> _Task item_
When you answer, restate the entries below without altering anything.
**********
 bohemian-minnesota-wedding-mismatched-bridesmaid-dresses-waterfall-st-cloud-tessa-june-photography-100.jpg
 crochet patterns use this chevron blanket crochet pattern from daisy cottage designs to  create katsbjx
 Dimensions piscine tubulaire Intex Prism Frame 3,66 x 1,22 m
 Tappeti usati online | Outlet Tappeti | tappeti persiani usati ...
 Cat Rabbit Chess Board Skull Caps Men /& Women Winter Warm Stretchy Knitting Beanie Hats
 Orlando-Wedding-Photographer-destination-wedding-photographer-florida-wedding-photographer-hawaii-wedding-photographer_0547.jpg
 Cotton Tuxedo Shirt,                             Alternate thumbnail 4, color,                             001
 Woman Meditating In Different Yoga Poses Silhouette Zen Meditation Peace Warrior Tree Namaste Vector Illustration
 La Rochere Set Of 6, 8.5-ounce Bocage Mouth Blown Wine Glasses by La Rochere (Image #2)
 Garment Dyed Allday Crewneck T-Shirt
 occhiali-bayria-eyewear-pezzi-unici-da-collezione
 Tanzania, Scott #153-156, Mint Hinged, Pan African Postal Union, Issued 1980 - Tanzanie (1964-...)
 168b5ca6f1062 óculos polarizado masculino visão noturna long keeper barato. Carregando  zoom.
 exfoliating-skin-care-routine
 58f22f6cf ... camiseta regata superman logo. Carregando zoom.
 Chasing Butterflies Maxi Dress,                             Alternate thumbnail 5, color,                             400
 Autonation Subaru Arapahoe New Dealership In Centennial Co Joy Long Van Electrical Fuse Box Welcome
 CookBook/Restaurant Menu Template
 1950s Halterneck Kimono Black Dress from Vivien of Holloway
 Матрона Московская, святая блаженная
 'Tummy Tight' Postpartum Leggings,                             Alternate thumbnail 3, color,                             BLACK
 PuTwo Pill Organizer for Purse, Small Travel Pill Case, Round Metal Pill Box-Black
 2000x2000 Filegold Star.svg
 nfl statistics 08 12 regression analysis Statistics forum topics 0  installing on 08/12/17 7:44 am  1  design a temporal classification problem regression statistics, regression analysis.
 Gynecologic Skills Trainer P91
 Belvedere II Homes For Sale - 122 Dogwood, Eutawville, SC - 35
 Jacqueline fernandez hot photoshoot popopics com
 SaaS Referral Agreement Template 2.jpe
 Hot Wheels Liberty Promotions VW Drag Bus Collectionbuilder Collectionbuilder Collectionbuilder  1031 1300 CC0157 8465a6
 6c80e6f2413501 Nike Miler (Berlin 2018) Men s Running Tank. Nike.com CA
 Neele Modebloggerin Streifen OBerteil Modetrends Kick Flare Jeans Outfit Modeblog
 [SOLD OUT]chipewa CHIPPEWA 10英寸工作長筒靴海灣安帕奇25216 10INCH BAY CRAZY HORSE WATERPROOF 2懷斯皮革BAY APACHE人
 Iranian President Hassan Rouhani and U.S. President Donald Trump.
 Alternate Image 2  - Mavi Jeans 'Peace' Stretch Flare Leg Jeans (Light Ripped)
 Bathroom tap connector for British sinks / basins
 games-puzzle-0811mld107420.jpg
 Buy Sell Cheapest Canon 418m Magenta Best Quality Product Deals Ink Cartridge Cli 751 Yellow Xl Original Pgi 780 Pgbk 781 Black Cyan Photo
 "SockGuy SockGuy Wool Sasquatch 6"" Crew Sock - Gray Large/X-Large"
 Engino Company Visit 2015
**********
> _Task output_
 bohemian-minnesota-wedding-mismatched-bridesmaid-dresses-waterfall-st-cloud-tessa-june-photography-100.jpg
 crochet patterns use this chevron blanket crochet pattern from daisy cottage designs to  create katsbjx
 Dimensions piscine tubulaire Intex Prism Frame 3,66 x 1,22 m
 Tappeti usati online | Outlet Tappeti | tappeti persiani usati ...
 Cat Rabbit Chess Board Skull Caps Men /& Women Winter Warm Stretchy Knitting Beanie Hats
 Orlando-Wedding-Photographer-destination-wedding-photographer-florida-wedding-photographer-hawaii-wedding-photographer_0547.jpg
 Cotton Tuxedo Shirt,                             Alternate thumbnail 4, color,                             001
 Woman Meditating In Different Yoga Poses Silhouette Zen Meditation Peace Warrior Tree Namaste Vector Illustration
 La Rochere Set Of 6, 8.5-ounce Bocage Mouth Blown Wine Glasses by La Rochere (Image #2)
 Garment Dyed Allday Crewneck T-Shirt
 occhiali-bayria-eyewear-pezzi-unici-da-collezione
 Tanzania, Scott #153-156, Mint Hinged, Pan African Postal Union, Issued 1980 - Tanzanie (1964-...)
 168b5ca6f1062 óculos polarizado masculino visão noturna long keeper barato. Carregando  zoom.
 exfoliating-skin-care-routine
 58f22f6cf ... camiseta regata superman logo. Carregando zoom.
 Chasing Butterflies Maxi Dress,                             Alternate thumbnail 5, color,                             400
 Autonation Subaru Arapahoe New Dealership In Centennial Co Joy Long Van Electrical Fuse Box Welcome
 CookBook/Restaurant Menu Template
 1950s Halterneck Kimono Black Dress from Vivien of Holloway
 Матрона Московская, святая блаженная
 'Tummy Tight' Postpartum Leggings,                             Alternate thumbnail 3, color,                             BLACK
 PuTwo Pill Organizer for Purse, Small Travel Pill Case, Round Metal Pill Box-Black
 2000x2000 Filegold Star.svg
 nfl statistics 08 12 regression analysis Statistics forum topics 0  installing on 08/12/17 7:44 am  1  design a temporal classification problem regression statistics, regression analysis.
 Gynecologic Skills Trainer P91
 Belvedere II Homes For Sale - 122 Dogwood, Eutawville, SC - 35
 Jacqueline fernandez hot photoshoot popopics com
 SaaS Referral Agreement Template 2.jpe
 Hot Wheels Liberty Promotions VW Drag Bus Collectionbuilder Collectionbuilder Collectionbuilder  1031 1300 CC0157 8465a6
 6c80e6f2413501 Nike Miler (Berlin 2018) Men s Running Tank. Nike.com CA
 Neele Modebloggerin Streifen OBerteil Modetrends Kick Flare Jeans Outfit Modeblog
 [SOLD OUT]chipewa CHIPPEWA 10英寸工作長筒靴海灣安帕奇25216 10INCH BAY CRAZY HORSE WATERPROOF 2懷斯皮革BAY APACHE人
 Iranian President Hassan Rouhani and U.S. President Donald Trump.
 Alternate Image 2  - Mavi Jeans 'Peace' Stretch Flare Leg Jeans (Light Ripped)
 Bathroom tap connector for British sinks / basins
 games-puzzle-0811mld107420.jpg
 Buy Sell Cheapest Canon 418m Magenta Best Quality Product Deals Ink Cartridge Cli 751 Yellow Xl Original Pgi 780 Pgbk 781 Black Cyan Photo
 "SockGuy SockGuy Wool Sasquatch 6"" Crew Sock - Gray Large/X-Large"
 Engino Company Visit 2015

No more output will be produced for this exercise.